I have a list of csv file pathnames in a list, and I am trying to save them as dataframes. How can I do it?

import pandas as pd
import os
import glob

# use glob to get all the csv files
# in the folder
path = "/Users/azmath/Library/CloudStorage/OneDrive-Personal/Projects/LESA/2022 HY/All"
csv_files = glob.glob(os.path.join(path, "*.xlsx"))
  
# loop over the list of csv files
for f in csv_files:
    
    # read the csv file
    df = pd.read_excel(f)  
    display(df)
    print()

The issue is that it only prints. but I dont know how to save. I would like to save all the data frames as variables, preferably as their file names.

buhtz
  • 10,774
  • 18
  • 76
  • 149
azmath
  • 97
  • 6
  • 3
    Take a look at [`.to_excel`](https://pandas.pydata.org/docs/reference/api/pandas.DataFrame.to_excel.html) and [`.to_csv`](https://pandas.pydata.org/docs/reference/api/pandas.DataFrame.to_csv.html) methods of a DataFrame – Mortz Jul 19 '22 at 11:12
  • You just wanna open and save it the way it is? Or have to do some alterations? Could you provide us with more info? – Hiago Reis Jul 19 '22 at 11:13

2 Answers2

2

By “save” I think you mean store dataframes in variables. I would use a dictionary for this instead of separate variables.

import os


data = {}

for f in csv_files:
    name = os.path.basename(f)

    # read the csv file
    data[name] = pd.read_excel(f)  
    display(data[name])
    print()

Now all your dataframes are stored in the data dictionary where you can iterate them (easily handle all of them together if needed). Their key in the dictionary is the basename (filename) of the input file.

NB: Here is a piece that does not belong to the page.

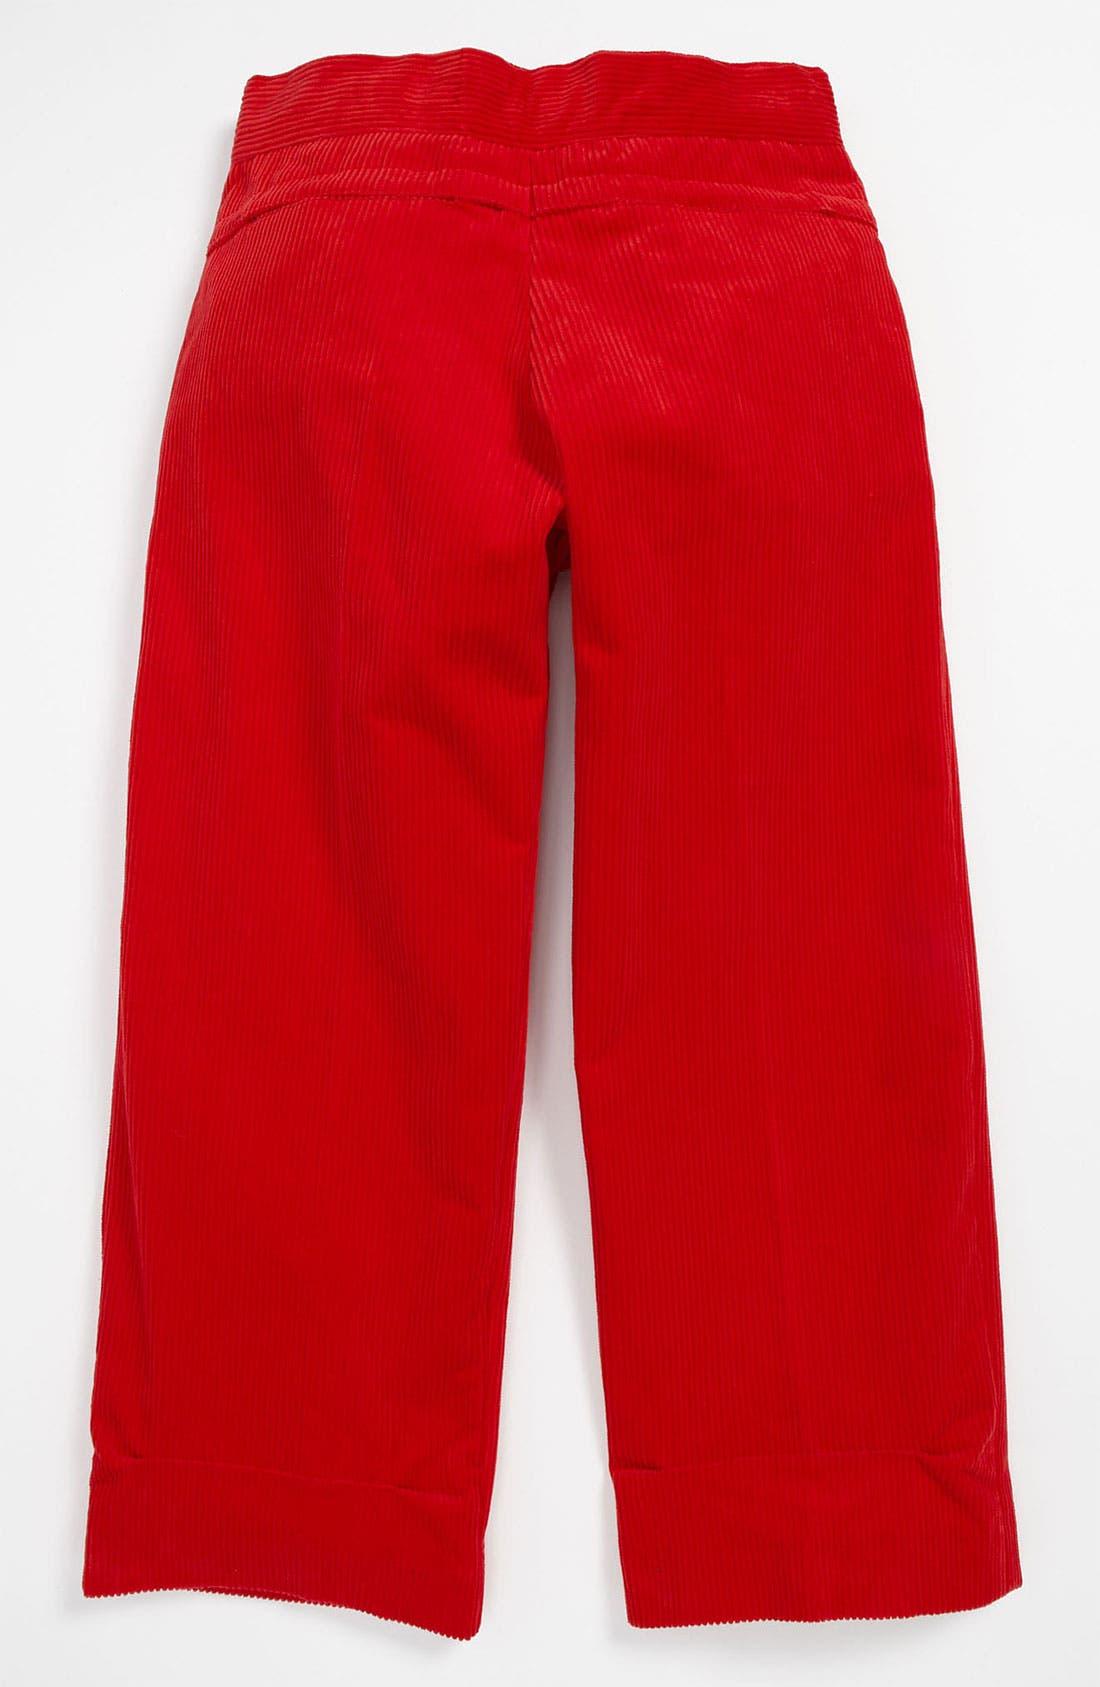 Alternate Image 1 Selected - Marni Corduroy Pants (Little Girls & Big Girls)

Recall that dictionaries remember insertion order, so the order the files were inserted is also preserved. I'd probably recommend sorting the input files before parsing - this way you get a reproducible script and sequence of operations!

creanion
  • 2,319
  • 2
  • 13
  • 17
  • Thank you very much. It saved as dictionary. But I wanted to save as individual dataframes. Is there anyway to do it? – azmath Jul 19 '22 at 11:24
  • And the problem is it doesn't save all the tabs in the excel file – azmath Jul 19 '22 at 11:46
  • saving all sheets is a separate question. The individual dataframes are in the dictionary. Can you be more specific about what's wanted? Individual variable names for them? – creanion Jul 20 '22 at 09:50
2

try this:

a = [pd.read_excel(file) for file in csv_files]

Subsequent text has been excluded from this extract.